◆ Exercise prompt:
How many lines in the records below contain the word "Heather"? Answer with the number only.
(Available records)
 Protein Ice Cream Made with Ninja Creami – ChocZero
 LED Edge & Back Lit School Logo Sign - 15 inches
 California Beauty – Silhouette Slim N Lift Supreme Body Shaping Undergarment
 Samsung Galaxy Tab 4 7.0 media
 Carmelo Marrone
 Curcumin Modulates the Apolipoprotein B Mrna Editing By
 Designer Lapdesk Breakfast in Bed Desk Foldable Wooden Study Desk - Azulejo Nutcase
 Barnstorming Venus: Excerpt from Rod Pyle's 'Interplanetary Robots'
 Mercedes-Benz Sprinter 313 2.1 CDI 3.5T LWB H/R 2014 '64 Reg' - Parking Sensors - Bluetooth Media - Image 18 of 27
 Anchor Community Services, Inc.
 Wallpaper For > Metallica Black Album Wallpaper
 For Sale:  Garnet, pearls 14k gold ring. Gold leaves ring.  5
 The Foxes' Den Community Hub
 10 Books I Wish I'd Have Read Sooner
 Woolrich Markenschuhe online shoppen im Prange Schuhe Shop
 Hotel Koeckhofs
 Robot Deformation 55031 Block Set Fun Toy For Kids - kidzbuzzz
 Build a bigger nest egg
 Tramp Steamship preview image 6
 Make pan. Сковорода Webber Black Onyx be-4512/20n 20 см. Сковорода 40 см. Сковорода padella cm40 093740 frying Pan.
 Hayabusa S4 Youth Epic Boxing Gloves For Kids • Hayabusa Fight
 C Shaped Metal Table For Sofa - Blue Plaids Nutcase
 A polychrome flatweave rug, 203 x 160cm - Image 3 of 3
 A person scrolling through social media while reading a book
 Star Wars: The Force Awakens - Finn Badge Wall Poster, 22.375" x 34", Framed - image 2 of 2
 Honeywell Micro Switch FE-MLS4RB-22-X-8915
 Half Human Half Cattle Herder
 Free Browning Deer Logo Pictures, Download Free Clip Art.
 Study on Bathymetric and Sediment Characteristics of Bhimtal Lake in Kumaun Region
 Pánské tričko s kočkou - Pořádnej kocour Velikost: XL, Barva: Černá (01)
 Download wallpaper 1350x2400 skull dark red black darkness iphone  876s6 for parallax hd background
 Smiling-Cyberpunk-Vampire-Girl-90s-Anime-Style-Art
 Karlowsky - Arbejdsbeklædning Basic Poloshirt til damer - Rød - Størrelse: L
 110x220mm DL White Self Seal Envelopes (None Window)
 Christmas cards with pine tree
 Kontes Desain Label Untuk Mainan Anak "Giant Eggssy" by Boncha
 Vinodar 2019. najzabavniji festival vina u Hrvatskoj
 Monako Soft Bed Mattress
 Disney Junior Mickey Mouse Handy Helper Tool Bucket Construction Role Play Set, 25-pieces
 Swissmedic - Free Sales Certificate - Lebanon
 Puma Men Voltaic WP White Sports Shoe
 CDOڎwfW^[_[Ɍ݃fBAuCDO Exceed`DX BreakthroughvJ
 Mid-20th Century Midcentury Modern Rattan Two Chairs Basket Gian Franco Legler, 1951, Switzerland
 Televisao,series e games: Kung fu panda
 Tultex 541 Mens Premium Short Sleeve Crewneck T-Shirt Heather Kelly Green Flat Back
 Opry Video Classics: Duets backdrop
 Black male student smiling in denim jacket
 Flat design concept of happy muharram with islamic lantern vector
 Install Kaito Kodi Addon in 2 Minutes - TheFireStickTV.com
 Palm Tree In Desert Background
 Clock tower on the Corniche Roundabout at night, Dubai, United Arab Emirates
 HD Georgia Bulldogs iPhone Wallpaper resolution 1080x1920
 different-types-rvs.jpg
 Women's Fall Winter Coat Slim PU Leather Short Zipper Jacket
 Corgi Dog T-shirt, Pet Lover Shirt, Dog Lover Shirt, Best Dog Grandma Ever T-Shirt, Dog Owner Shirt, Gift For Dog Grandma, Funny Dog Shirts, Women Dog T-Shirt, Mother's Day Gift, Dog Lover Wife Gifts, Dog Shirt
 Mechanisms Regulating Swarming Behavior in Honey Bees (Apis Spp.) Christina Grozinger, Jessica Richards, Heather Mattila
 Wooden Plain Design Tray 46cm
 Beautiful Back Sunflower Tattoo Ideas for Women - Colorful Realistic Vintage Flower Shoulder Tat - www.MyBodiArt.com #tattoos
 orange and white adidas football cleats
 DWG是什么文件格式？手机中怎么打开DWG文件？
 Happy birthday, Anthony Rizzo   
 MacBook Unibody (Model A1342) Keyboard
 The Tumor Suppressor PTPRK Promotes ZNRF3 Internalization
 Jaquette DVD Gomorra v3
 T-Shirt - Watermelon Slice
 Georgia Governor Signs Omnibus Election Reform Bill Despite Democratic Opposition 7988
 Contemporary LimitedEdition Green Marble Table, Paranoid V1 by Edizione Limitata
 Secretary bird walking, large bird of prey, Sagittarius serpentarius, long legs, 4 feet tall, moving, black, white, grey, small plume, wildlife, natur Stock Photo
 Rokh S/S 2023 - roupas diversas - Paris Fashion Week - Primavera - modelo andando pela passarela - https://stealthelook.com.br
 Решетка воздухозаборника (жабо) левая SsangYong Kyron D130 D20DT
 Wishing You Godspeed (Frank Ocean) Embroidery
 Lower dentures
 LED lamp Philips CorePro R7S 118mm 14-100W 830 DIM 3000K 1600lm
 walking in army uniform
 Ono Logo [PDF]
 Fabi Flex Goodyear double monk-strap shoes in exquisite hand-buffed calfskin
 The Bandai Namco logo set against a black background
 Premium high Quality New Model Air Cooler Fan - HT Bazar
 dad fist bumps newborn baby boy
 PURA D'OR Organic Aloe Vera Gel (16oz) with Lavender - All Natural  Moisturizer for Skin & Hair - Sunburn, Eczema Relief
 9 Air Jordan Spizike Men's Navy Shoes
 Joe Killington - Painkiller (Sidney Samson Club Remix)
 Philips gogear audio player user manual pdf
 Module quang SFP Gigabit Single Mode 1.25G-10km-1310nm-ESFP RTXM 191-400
(End Available records)
◆ Answer area:
2